You increase the oxygen scores, alveolar PO2 from 120 to 130 mmHg on the first few deep breaths while actually having minimal effect on CO2 elimination.
Yes, I agree, these numbers may sound very impressive - The difference between 120 and 130 is roughly
8%! Who would not want improving his/her PB by 8%!.
The values are misleading, though. The normal atmospheric pressure at sea level is 760 mmHg (the normal O2 partial pressure in dry air is ~21% which equals to the partial pressure of ~160 mmHg, much less in alveoli). So by increasing the alveolar pressure from 120 mmHg to 130 mmHg, it makes 10 mmHg difference, which then represents 1.3%, and is already not as impressive as the 8%.
This 1.3% represents roughly 100 ml of oxygen at lungs of 8 l of total capacity. The nominal resting O2 consumption is 250 ml/min, and only part of the oxygen available in lungs can be used, let's assume it is 50%. That would mean we can use 50 extra ml of O2 which could increase the apnea by 12 seconds. And I am not even sure that the alveolar oxygen saturation (exhale air) can drop as deep as 50%. I think values around 70% - 80% of the original level are more realistic. That vould mean gain of some 5-7 s.
Now, 5 to 12s, even if not a lot, may still sound interesting enough anyway for most freedivers. The problem is that the extra 100 ml of oxygen can come in thanks to washing out 100 ml of CO2. This assumes normal tidal breath-up without any hyperventialtion or deep breathing, and only one single purge breath to achieve the PAO2 of 130 mmHg. In case of multiple purges, or even a moderate hyperventilation, the total volume of removed CO2 will be much higher. The body produces ~200 ml/min of CO2 in rest. It means it will take 30s of apnea to compensate the loss of the single purge breath (considerably more for multiple purges, or a hypocapnic breath-up). And since low CO2 influences the resistance to hypoxemia (P. Lindholm 2002), and brings other disatvantages, the real gain will be likely much lower (if any at all).
Of course, there are many more factors than just those partial pressures and gas levels. We already spoke about most of them here in this thread. As Eric correctly pointed out, there are much more reserves for stocking oxygen in the venous blood. On the other hand, it already requires rather important hyperventilation, that then brings all its disadvantages with it (hypocapnia, shift of Bohr effect, high heart-rate, cerebral hypoxemia, destabilizing neuronal fibers and consequent muscle tension, depletion of myoglobin stores, arterial dilatation and vasoconstriction to certain degree opposite to the one needed by DR, reduced tolerance to hypoxia, later onset of diving response,...)

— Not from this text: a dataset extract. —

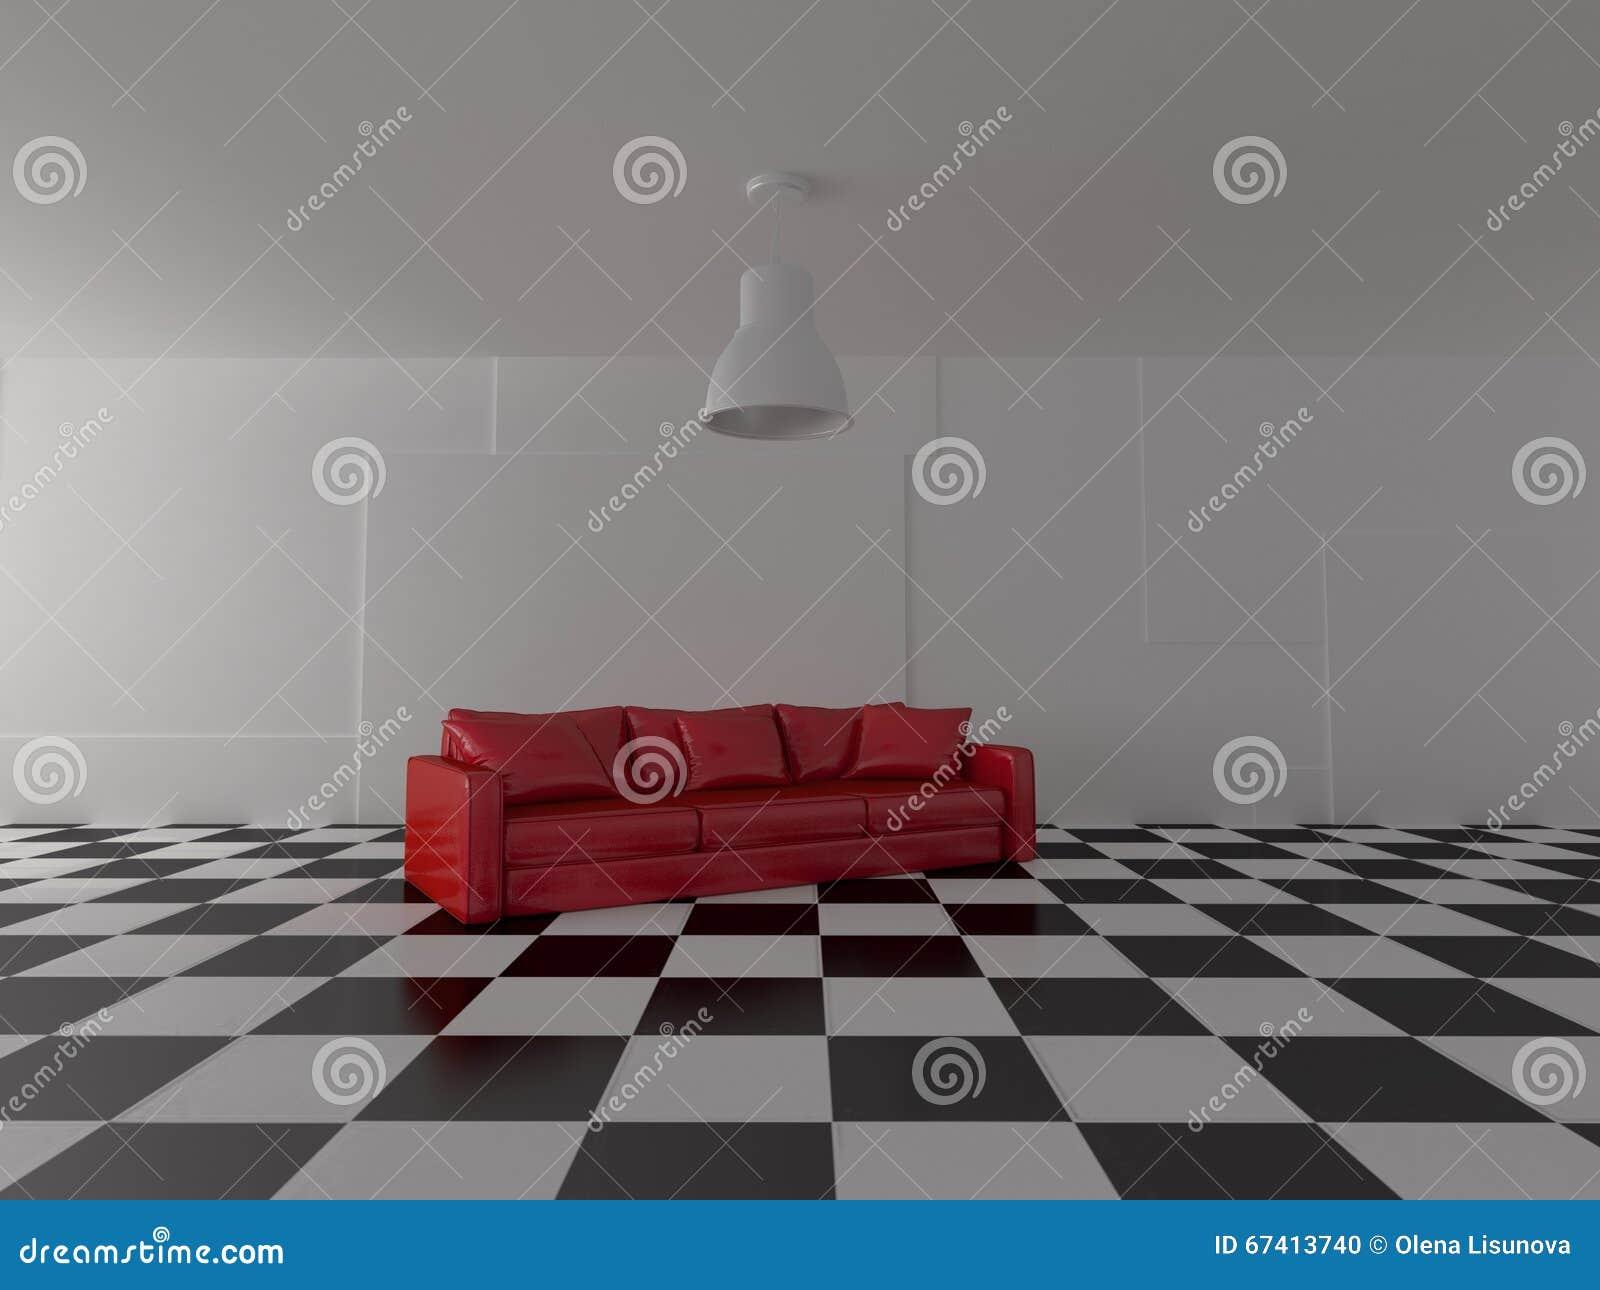 Pavimento Rosso E Bianco : Rappresentazione del sofà luminoso moderno nei colori rossi sul
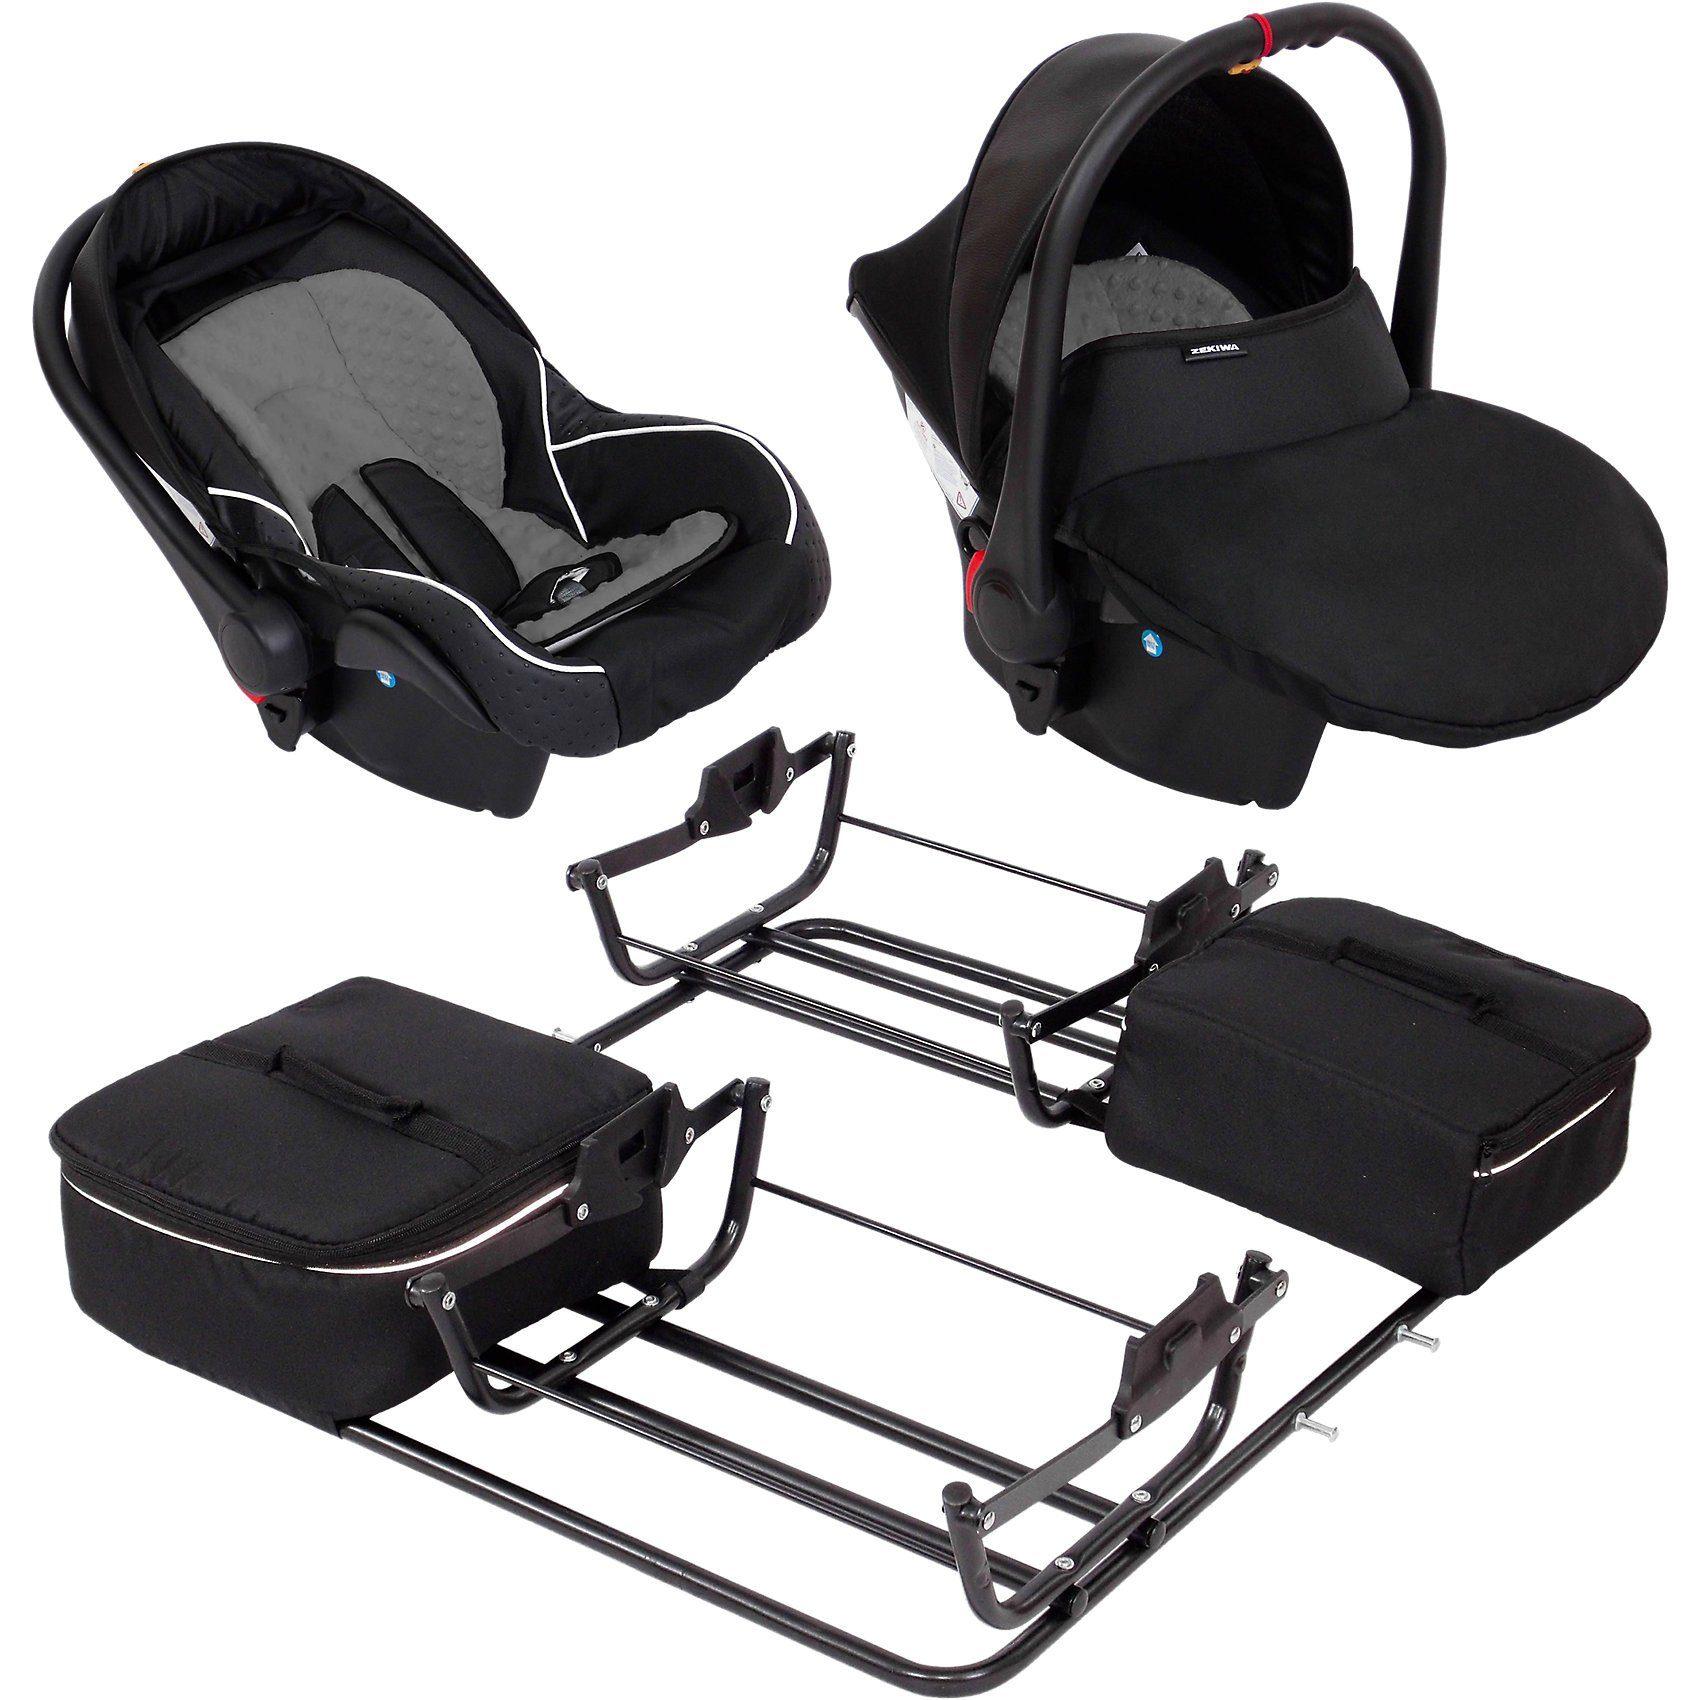 Zekiwa 2 Babyschalen ATS Comfort Plus inkl. Adapter für Zwillingswa

All that told, I do not claim that there is no way hyperventilation can be used in freediving for improving performances, or for achieving maximal performances. Perhaps yes, but possibly it is very individual, and it may be very depending on diverse conditions. Perhaps some training adaptation helps, perhaps some methods may work better than others. The main risk is that doing the "correct" hyperventilation may not be easily reproducible, and especially when under stress (i.e. competition, or fighting a fish when spearing) it may very easily turn bad.
It is apparent though that hyperventilation has many more disadvantages and trade-offs for its few advantages, than generally acknowledged. For most freedivers, the safety factor is the only argument against hyperventilation. In fact there are many more performance related disatvantages than just the increased safety risk.